Approvals are only the starting blocks; the challenge is making the merger work in terms of networks, operations, customers and the bottom line
The Competition and Markets Authority (CMA) has decided Vodafone’s merger with Three should be allowed if they sign binding commitments to invest billions in 5G infrastructure across the UK. In the shorter term, the combined entity must protect customers by agreeing to cap certain mobile tariffs and offer “preset contractual terms” to MVNOs for three years.M
Vodafone and Three were also obliged to agree to hand over some spectrum to Virgin Media O2 to get the deal through, which is good news for VMO2’s mobile customers. The mergees got off pretty lightly in terms of having to divest assets to gain the necessary approvals.
The qualified approval comes after a protracted inquiry and consultation process. The independent inquiry group published its final decision today. The merger is expected to formally complete in the first half of next year.
A new force in the market?
When the deal was announced in June 2023, the terms of the deal were that Vodafone would own 51% of the combined operator with an option to acquire CK Hutchison’s 49% after three years if the merged group reached an enterprise value of £16.5 billion.
Vodafone Group’s CEO, Margherita Della Valle, said in a statement, “Today’s approval releases the handbrake on the UK’s telecoms industry, and the increased investment will power the UK to the forefront of European telecommunications.” Della Valle is making good progress with her to-do list, having got this merger through and exited the uneconomic markets of Italy and Spain since becoming CEO. She still has a long way to go on the share price, though.
The Deputy Chair of CK Hutchison, Canning Fok, claimed the network investment plan would ensure “customers across the country benefit from world-beating network quality”.
Terms and conditions apply
Assuming the mergees agree to the strictures, the network commitment is to be overseen by Ofcom, the telecoms regulator, and the CMA. The merged company will be obliged to publish an annual report setting out its progress on implementing the network plan. The CMA will be responsible for monitoring and enforcing the protections relating to consumer tariffs and wholesale terms.
The new operator will have its work cut out. First of all, only a tiny percentage of mergers deliver all the benefits they promise and fusing two lots of infrastructure in an efficient and economic fashion, never mind the IT systems, will not be a walk in the park. BT’s painfully poor and slow integration of customer-facing systems for fixed and mobile is a good example of what not to do.
One the other hand, BT’s mobile and fixed networks is in a league of its own in the UK but there is plenty of room for improvement. UK customers will benefit from a rival of sufficient scale breathing down its neck.
Simon Frumkin, CEO of connectivity infrastructure-as-a-service provider Freshwave, adds, “The last telecoms merger in the UK led to a lot of investment and innovation, resulting in us being the first European country to launch 4G. Since then, because of the competitive nature of the global ecosystem, the UK has started to fall behind other markets when it comes to network infrastructure deployment and overall quality of service.

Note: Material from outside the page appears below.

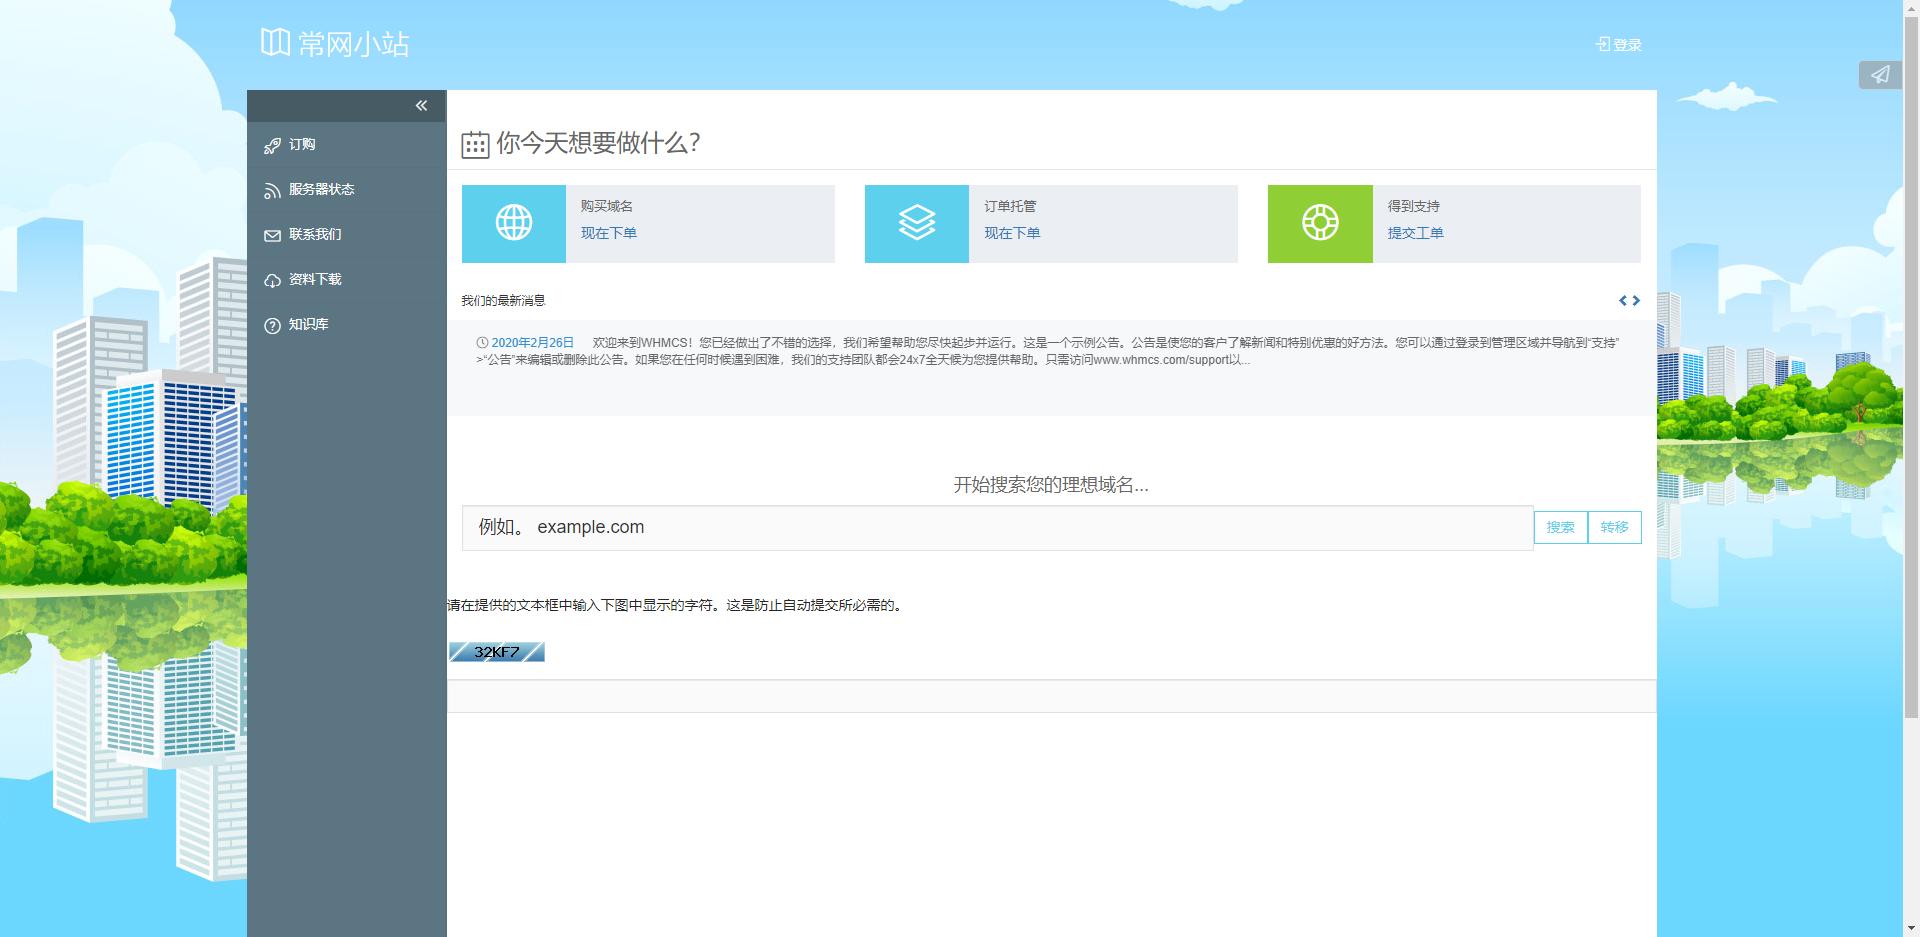 WHMCS主题模板Hexa自适应-支持WHMCS7.9.1-常网小站Miknio

“Meanwhile, BT and EE have maintained a leading network quality score akin to those in first class mobile connectivity markets (specifically a score of over 900 in the recent Global Umlaut PBM scoring system). The UK needs all of our network operators to be world class to maintain our competitiveness as a nation and this merger makes that possible.”
More and better 5G needed
Rafael González, CMO, MedUX, is more prescriptive: “While the Vodafone/Three merger includes commitments to invest in 5G, general investment alone may not be sufficient to improve the experience for UK citizens and enterprises. Capital expenditure should specifically focus on enhancing 5G coverage, availability, reliability, and performance.
“With various versions of 5G offering different quality levels, it’s essential to address overlooked factors such as the spectrum bands used, minimum required speeds, and the performance capabilities necessary for new use cases. Considering these factors is crucial for contributing to positive social welfare and improving network quality.”
A long game
The plan is that Vodafone/Three will form the UK’s biggest converged operator. As Paola Pescatore, founder of analyst house PP Foresight, says, “The bottom line is it will take many years before the full merits of the deal are realised [if they are, of course], and there’s a lot of tough decisions to come. Merging two networks is no easy feat…there are past examples with BT/EE and VMO2 to draw upon. It’s not going to be smooth sailing.”
He adds, “Rivals will have a window of opportunity to lure disgruntled customers during this painful integration process. Priorities will be implementing a successful strategy and choosing a brand that resonates with consumers and business. On this it is very hard to see the Vodafone brand disappearing from its home core UK market. Better price guarantees in the next few years will be a big pull for customers.
“Overall, it’s a big deal for both players, arguably even more so for Three given its business model would have been unsustainable in the long term.”
He concludes, “This will most likely be the last major deal the CMA will see in telco. There are few strategic moves left within the UK.”